:: DATA SECTION ::
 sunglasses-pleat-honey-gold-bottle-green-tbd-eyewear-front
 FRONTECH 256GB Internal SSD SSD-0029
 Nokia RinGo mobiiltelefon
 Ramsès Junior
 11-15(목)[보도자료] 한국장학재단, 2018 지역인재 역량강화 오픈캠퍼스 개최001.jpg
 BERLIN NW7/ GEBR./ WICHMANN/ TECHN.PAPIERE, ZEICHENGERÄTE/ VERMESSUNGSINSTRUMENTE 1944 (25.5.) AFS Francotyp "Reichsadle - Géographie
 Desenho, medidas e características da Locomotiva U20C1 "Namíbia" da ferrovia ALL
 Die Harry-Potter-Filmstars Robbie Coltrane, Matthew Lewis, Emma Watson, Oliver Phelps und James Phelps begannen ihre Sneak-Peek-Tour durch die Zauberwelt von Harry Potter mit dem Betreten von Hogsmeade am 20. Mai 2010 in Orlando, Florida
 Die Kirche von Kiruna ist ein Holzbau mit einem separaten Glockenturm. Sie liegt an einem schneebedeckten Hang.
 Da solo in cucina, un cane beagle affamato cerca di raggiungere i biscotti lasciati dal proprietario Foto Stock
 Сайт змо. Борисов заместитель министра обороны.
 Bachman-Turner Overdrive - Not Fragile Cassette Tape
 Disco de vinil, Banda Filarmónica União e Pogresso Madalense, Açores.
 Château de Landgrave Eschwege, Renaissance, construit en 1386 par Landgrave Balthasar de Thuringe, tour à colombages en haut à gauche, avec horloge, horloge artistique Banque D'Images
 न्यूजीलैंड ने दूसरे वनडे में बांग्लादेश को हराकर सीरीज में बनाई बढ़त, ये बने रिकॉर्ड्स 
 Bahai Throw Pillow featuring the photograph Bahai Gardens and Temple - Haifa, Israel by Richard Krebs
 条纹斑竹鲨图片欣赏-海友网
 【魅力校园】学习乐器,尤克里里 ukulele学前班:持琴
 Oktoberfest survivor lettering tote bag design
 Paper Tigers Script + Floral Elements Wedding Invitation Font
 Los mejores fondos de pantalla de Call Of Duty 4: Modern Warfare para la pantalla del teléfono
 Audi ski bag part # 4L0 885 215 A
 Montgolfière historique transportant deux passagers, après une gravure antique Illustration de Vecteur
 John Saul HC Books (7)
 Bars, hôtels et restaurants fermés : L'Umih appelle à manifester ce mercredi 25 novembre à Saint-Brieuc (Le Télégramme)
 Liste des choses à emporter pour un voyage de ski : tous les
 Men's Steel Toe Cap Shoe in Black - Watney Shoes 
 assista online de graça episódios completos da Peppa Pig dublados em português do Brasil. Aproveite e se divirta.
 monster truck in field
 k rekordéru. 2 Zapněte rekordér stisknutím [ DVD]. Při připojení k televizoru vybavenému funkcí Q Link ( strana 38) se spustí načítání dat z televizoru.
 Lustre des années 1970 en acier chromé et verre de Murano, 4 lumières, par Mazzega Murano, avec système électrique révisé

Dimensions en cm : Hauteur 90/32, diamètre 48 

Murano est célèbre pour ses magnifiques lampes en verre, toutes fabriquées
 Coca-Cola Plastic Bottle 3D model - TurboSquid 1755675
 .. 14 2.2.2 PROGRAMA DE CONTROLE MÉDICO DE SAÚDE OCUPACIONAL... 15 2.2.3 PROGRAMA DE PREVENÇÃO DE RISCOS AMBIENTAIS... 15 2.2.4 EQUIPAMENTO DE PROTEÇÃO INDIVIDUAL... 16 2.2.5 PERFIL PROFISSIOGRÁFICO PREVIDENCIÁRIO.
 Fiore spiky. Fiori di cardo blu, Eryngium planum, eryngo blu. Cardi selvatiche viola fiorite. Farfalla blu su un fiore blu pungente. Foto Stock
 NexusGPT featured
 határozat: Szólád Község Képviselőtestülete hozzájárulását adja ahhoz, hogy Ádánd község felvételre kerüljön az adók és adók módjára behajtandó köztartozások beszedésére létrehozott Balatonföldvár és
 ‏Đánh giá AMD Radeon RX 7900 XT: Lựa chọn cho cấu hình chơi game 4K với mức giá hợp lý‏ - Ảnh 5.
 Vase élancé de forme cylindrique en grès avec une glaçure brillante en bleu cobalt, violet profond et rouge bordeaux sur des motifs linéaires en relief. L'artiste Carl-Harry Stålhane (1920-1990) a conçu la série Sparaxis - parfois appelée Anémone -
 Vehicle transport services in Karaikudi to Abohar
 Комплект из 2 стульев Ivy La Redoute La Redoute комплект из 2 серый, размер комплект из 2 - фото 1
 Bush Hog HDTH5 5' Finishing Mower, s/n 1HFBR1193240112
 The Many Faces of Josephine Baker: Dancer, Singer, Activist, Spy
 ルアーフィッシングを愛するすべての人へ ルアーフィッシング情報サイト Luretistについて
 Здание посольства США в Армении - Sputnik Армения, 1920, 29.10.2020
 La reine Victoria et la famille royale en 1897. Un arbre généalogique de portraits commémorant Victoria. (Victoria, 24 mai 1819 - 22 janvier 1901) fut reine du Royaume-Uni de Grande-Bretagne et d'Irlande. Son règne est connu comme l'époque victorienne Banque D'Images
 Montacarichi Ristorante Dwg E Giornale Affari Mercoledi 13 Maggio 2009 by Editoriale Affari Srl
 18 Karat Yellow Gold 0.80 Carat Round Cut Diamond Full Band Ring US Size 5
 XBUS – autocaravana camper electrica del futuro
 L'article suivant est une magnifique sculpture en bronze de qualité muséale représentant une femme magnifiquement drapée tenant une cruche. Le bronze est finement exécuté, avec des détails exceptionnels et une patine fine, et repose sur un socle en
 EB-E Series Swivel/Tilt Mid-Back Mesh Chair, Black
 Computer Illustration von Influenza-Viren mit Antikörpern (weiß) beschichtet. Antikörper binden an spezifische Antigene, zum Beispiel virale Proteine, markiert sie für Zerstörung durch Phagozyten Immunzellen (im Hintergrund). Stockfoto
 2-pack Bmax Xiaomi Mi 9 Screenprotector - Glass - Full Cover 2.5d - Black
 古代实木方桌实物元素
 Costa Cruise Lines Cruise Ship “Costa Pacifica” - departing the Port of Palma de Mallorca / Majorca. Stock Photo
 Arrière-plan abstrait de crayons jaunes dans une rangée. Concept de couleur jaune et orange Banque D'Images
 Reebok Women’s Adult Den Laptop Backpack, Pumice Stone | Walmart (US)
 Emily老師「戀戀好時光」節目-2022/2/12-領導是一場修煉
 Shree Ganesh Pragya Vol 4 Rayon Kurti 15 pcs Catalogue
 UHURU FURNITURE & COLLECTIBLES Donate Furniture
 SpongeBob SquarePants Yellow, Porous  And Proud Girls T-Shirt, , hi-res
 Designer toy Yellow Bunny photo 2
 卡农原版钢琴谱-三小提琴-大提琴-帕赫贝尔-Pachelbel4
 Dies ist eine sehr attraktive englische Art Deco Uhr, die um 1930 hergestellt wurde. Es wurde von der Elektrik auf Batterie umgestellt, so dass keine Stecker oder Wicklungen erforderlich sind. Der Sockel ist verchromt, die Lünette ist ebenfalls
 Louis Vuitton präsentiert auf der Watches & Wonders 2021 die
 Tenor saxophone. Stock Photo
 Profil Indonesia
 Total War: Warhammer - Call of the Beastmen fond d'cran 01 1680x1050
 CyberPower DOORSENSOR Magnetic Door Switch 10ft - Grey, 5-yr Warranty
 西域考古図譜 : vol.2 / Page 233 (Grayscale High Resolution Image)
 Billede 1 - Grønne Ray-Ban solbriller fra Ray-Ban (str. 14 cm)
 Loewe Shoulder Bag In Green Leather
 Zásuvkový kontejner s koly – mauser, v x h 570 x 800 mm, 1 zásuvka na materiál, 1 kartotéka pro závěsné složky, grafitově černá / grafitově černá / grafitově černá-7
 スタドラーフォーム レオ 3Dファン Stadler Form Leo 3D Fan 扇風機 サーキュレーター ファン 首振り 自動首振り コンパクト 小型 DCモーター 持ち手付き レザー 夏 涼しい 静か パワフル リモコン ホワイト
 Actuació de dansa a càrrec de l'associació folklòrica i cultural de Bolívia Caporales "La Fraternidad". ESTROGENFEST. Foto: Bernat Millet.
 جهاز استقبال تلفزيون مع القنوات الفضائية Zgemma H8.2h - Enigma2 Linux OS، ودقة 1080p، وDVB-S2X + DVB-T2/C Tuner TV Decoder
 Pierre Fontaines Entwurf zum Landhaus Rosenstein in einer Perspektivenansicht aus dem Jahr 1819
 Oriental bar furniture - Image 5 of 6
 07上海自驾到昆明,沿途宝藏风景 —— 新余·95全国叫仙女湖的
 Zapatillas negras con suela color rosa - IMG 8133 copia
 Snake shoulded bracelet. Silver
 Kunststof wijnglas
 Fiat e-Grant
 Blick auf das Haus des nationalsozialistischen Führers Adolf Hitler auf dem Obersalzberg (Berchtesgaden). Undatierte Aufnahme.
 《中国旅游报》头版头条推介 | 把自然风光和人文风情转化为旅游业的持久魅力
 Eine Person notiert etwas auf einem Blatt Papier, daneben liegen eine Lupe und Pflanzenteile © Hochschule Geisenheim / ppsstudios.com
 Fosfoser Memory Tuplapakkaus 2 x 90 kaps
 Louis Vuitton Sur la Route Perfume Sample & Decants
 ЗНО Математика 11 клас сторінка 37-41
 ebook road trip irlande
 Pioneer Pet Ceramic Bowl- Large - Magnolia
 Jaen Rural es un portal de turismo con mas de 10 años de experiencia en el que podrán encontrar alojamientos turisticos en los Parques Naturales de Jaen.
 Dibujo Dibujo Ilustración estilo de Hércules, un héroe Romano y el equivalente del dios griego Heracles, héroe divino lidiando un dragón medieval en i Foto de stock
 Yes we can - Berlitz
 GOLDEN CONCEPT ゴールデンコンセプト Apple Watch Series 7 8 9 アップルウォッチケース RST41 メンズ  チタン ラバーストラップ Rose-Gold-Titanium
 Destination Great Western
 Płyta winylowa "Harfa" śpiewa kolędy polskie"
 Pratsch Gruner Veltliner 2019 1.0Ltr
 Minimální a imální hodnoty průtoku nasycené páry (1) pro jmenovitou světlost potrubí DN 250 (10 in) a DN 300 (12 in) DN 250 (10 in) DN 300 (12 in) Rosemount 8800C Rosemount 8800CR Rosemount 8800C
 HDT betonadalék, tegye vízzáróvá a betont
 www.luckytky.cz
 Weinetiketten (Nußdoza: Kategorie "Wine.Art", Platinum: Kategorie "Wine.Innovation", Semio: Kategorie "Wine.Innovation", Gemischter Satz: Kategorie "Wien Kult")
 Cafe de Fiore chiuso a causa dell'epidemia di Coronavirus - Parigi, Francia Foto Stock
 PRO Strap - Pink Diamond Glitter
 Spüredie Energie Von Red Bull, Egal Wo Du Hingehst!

:: WORK REQUIRED ::
Everything above from the line containing "Costa Cruise Lines" through the line containing "Actuació de dansa" must be copied exactly. Nothing outside that range belongs in the answer.

:: ANSWER BELOW ::
 Costa Cruise Lines Cruise Ship “Costa Pacifica” - departing the Port of Palma de Mallorca / Majorca. Stock Photo
 Arrière-plan abstrait de crayons jaunes dans une rangée. Concept de couleur jaune et orange Banque D'Images
 Reebok Women’s Adult Den Laptop Backpack, Pumice Stone | Walmart (US)
 Emily老師「戀戀好時光」節目-2022/2/12-領導是一場修煉
 Shree Ganesh Pragya Vol 4 Rayon Kurti 15 pcs Catalogue
 UHURU FURNITURE & COLLECTIBLES Donate Furniture
 SpongeBob SquarePants Yellow, Porous  And Proud Girls T-Shirt, , hi-res
 Designer toy Yellow Bunny photo 2
 卡农原版钢琴谱-三小提琴-大提琴-帕赫贝尔-Pachelbel4
 Dies ist eine sehr attraktive englische Art Deco Uhr, die um 1930 hergestellt wurde. Es wurde von der Elektrik auf Batterie umgestellt, so dass keine Stecker oder Wicklungen erforderlich sind. Der Sockel ist verchromt, die Lünette ist ebenfalls
 Louis Vuitton präsentiert auf der Watches & Wonders 2021 die
 Tenor saxophone. Stock Photo
 Profil Indonesia
 Total War: Warhammer - Call of the Beastmen fond d'cran 01 1680x1050
 CyberPower DOORSENSOR Magnetic Door Switch 10ft - Grey, 5-yr Warranty
 西域考古図譜 : vol.2 / Page 233 (Grayscale High Resolution Image)
 Billede 1 - Grønne Ray-Ban solbriller fra Ray-Ban (str. 14 cm)
 Loewe Shoulder Bag In Green Leather
 Zásuvkový kontejner s koly – mauser, v x h 570 x 800 mm, 1 zásuvka na materiál, 1 kartotéka pro závěsné složky, grafitově černá / grafitově černá / grafitově černá-7
 スタドラーフォーム レオ 3Dファン Stadler Form Leo 3D Fan 扇風機 サーキュレーター ファン 首振り 自動首振り コンパクト 小型 DCモーター 持ち手付き レザー 夏 涼しい 静か パワフル リモコン ホワイト
 Actuació de dansa a càrrec de l'associació folklòrica i cultural de Bolívia Caporales "La Fraternidad". ESTROGENFEST. Foto: Bernat Millet.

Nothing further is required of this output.